Именно в этот период Михаил Ломоносов начал созревать как ученый с сумасшедшими непредсказуемыми амбициями. Он впервые решительно выступил с демаршем против научной некомпетентности – пошел на открытый разрыв с саксонским горным советником, преподававшим русским студентам «химию и металлургию». Последнее свидетельствует не только о научном росте самого молодого ученого, но и о противоречиях его сумбурного экзальтированного темперамента. Во-первых, он настолько трепетно относился к своему времени, что не желал заниматься под началом посредственного ученого, хоть и известного во всей Европе, да еще слывущего в России светилом в области горного дела. Уже тогда Ломоносов осознал, что главной ценностью жизни является время, потому без укоров совести поставил на западном ученом клеймо некомпетентности, что само по себе уже было жестом настолько же смелым, насколько и эмоциональным, и даже безрассудным. Об этой «путеводной звезде» от науки он написал: «…Самые обыкновенные процессы, о которых говорится почти во всех химических книгах, он держит в секрете и вытягивать их приходится из него арканом…» Секрет же Ломоносова состоял в том, что он эти книги изучал самостоятельно, не дожидаясь чьего-либо благоволения, в то время как другие слепо доверяли наставникам, даже не пошевелив пальцем, чтобы узнать, что делается вокруг в необъятном научном мире. Уже после разрыва с преподавателем и вынужденного бегства скитающийся по оказавшейся негостеприимной Германии Ломоносов все равно не прекращает упорных занятий – практически и дня не проходит без все новых и новых шагов на научном поприще. Во-вторых наука не просто стала делом жизни, банальностью, ради которой молодой человек презрел все остальные прелести жизни. Он нащупал идею: именно вдали от родины Ломоносов почувствовал, что его самореализация должна совпасть с самореализацией Российского государства, почти безнадежно отстающего в развитии наук. Он почувствовал свою растущую силу, свое желание и способность сказать веское слово в защиту отечественной науки. Интуитивно он осознал: само время требует не отделять себя от государства, и внутреннее чувство не подвело его и на сей раз.

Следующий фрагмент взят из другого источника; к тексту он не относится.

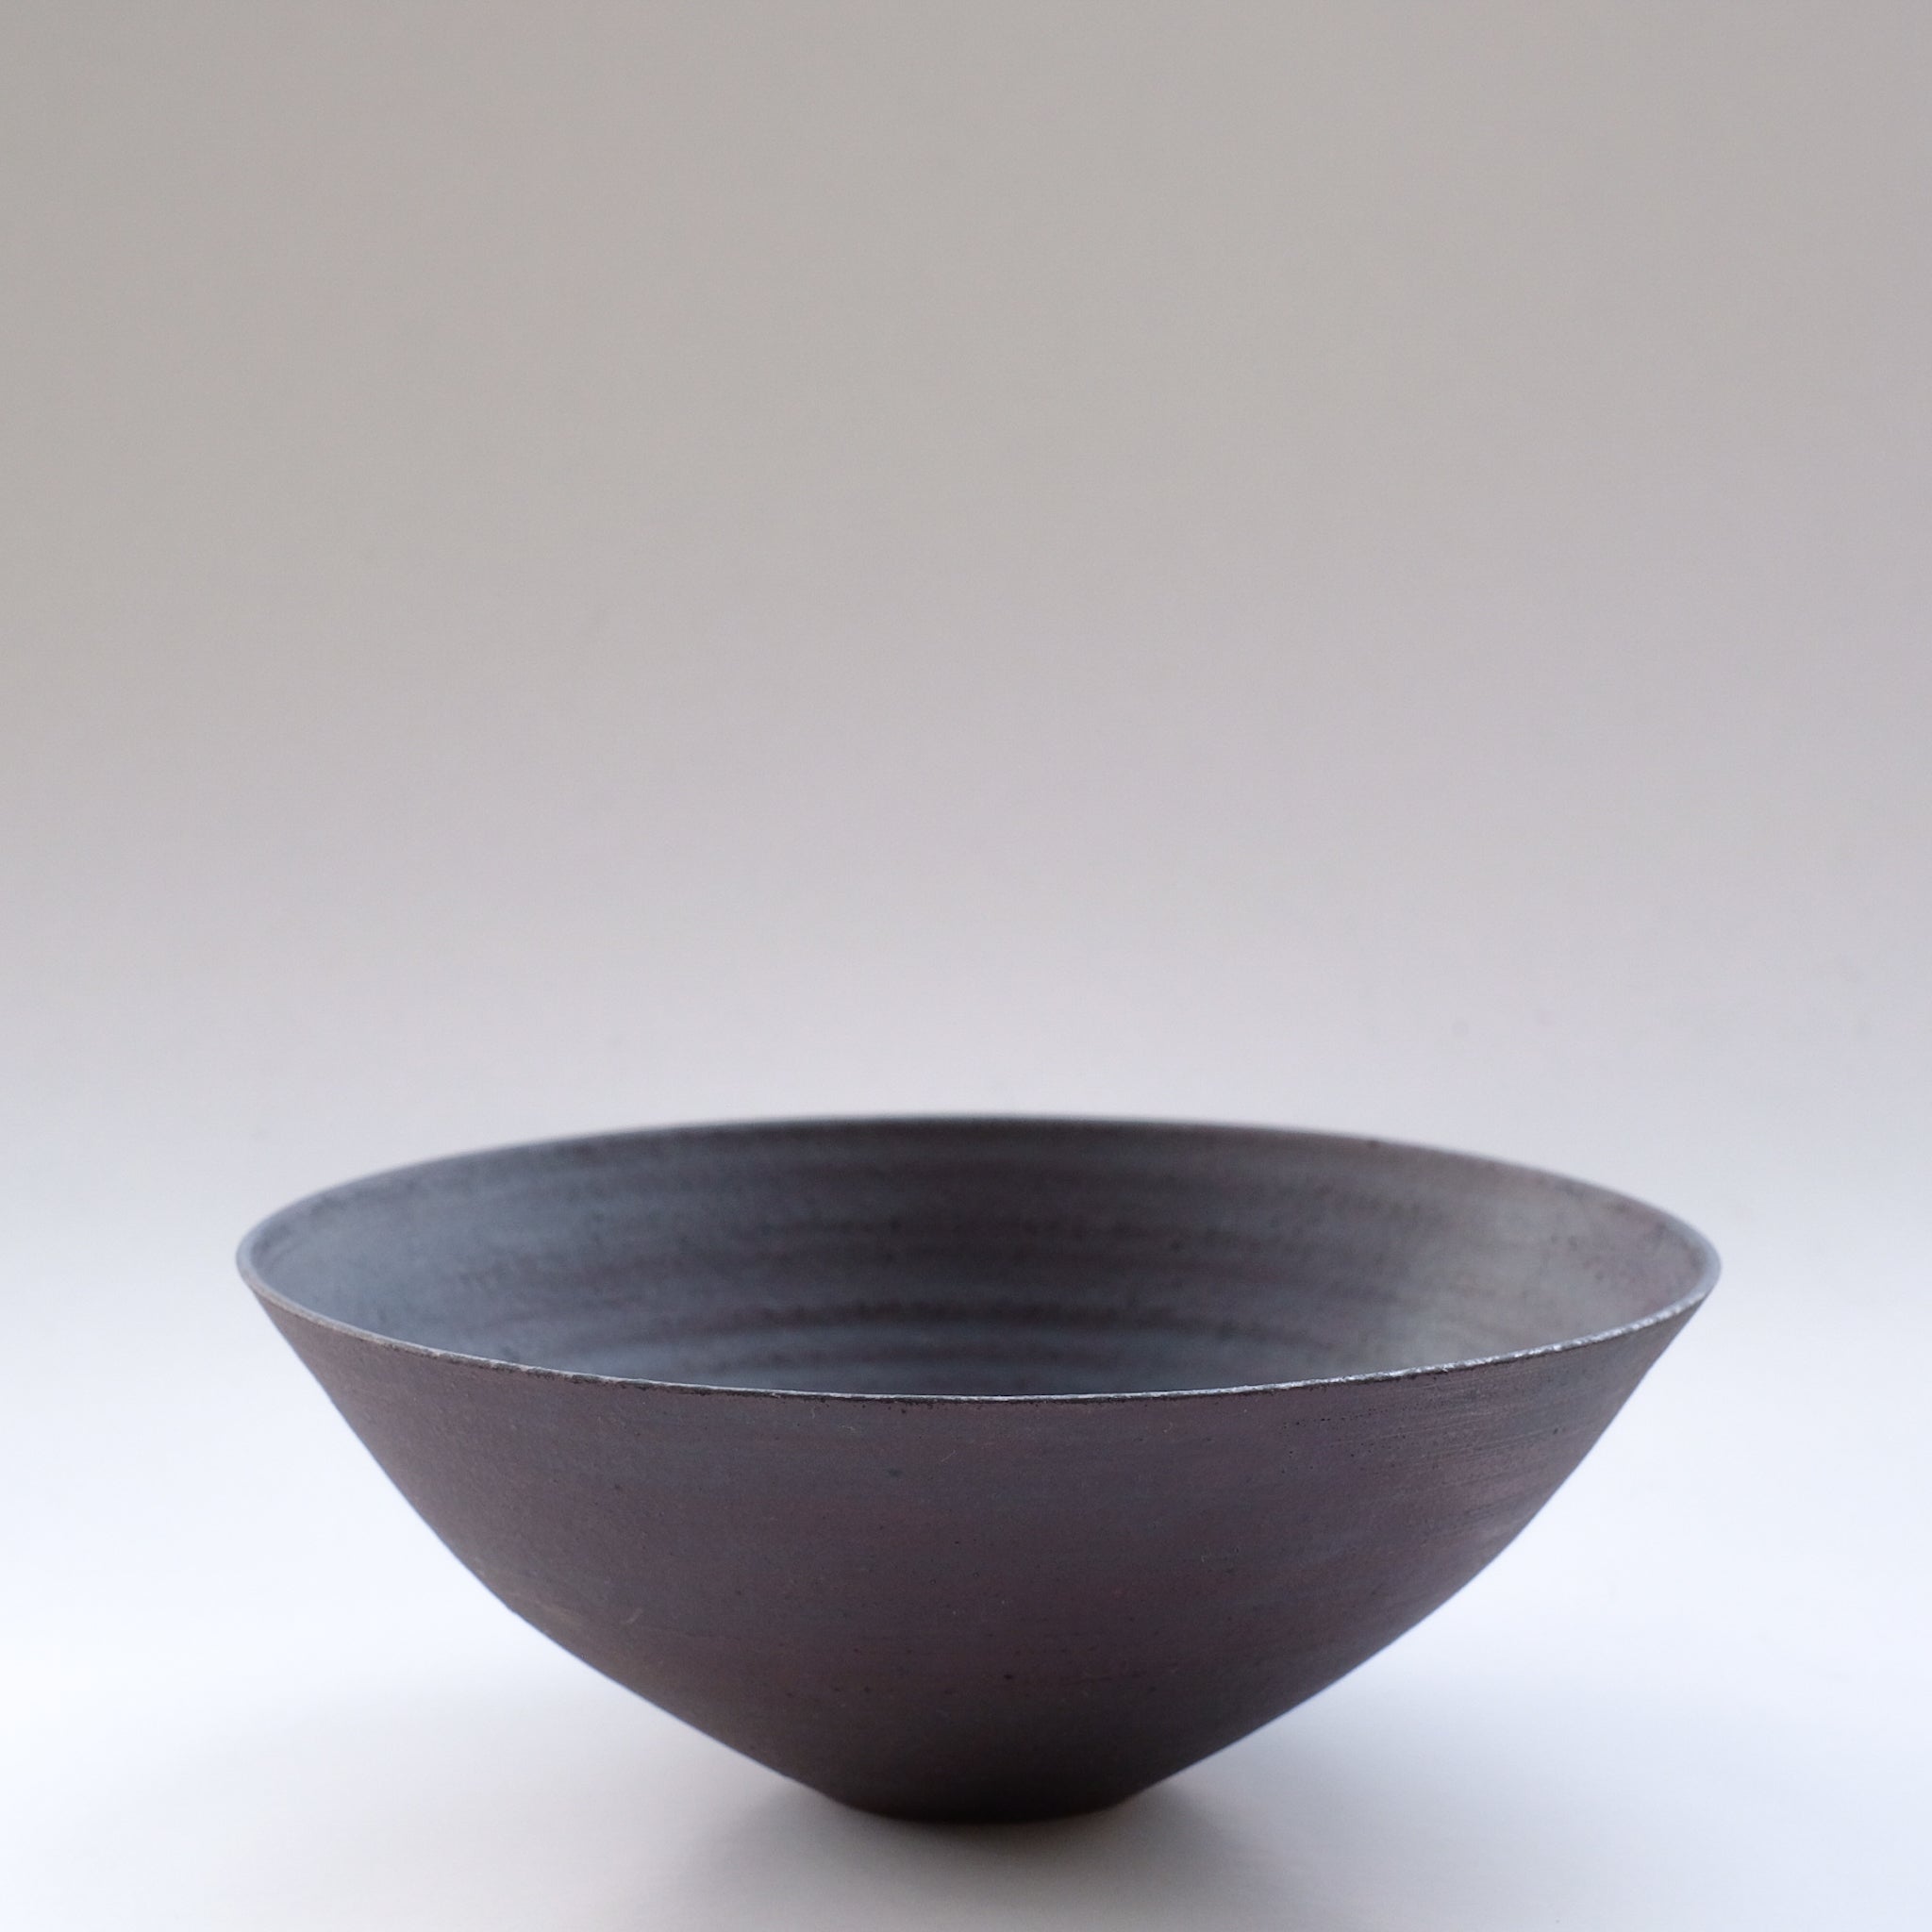 二階堂明弘 錆器 ボウル (φ17.5cm) Akihiro Nikaido Bowl (φ17.5cm
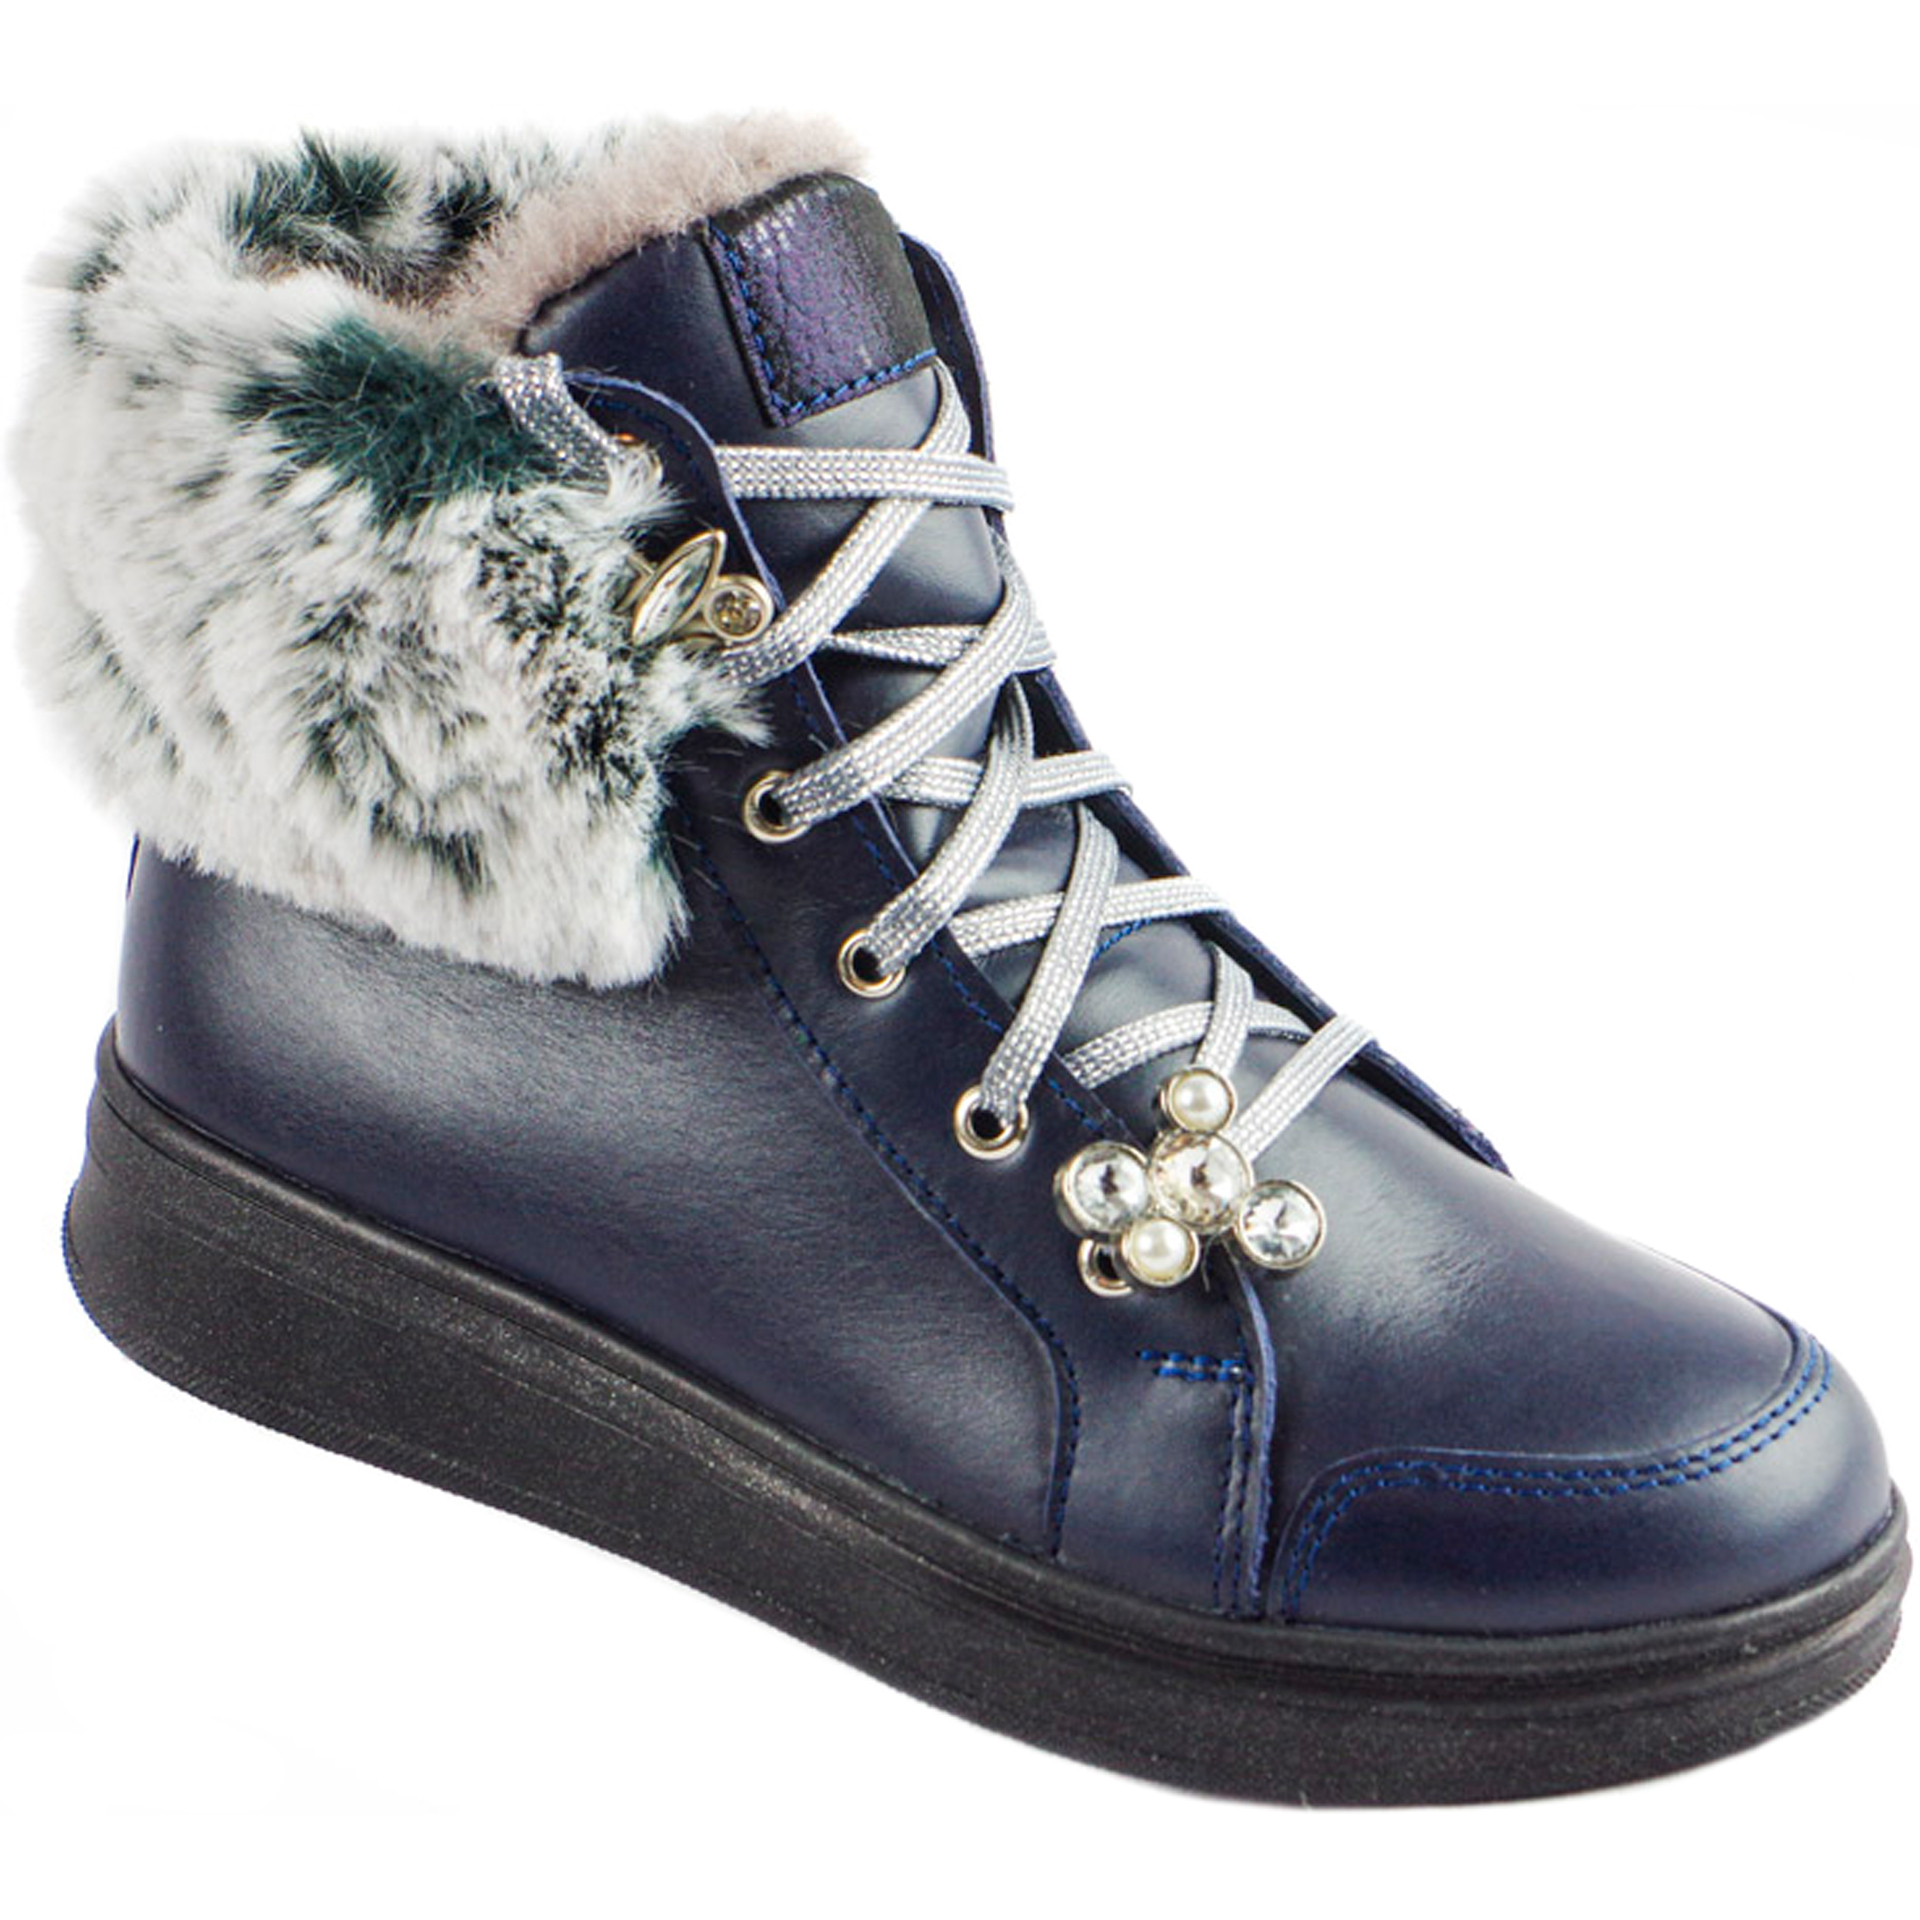 Зимние ботинки (1741) - обувь для девочек в магазине Соул Кидс

Прибыв в Петербург с солидным багажом знаний, Ломоносов не получил тотчас обещанной должности профессора. Но это не повлияло на интенсивность работы ученого – он с еще большим ожесточением взялся за новые исследования. Когда же осознал, что официальная должность просто необходима как для восприятия его работы окружающими, так и для решения финансовых проблем, не отказал себе в удовольствии написать соответствующее прошение прямо императрице. Того, что, по мнению Ломоносова, было напрямую связано с движением к уже поставленной цели, он готов был добиваться любыми путями, не колеблясь, обращаться в самые высокие инстанции. Тут, как и всегда ранее, у Ломоносова сработал внутренний механизм творческого созидателя – действовать, расчищая себе дорогу для истинной свободы творчества, к которой он, как любой искатель, стремился интуитивно, но неотступно. Прибывшего из-за границы амбициозного студента, уже считающего себя ученым, назначили «адъюнктом физического класса»…
Сальвадор Дали
«Позже у меня появилось четкое осознание своей гениальности, и оно так укрепилось во мне, что не вызывает никаких так называемых возвышенных чувств. И все же должен признать, что эта вера во мне – одно из самых приятных постоянных ощущений».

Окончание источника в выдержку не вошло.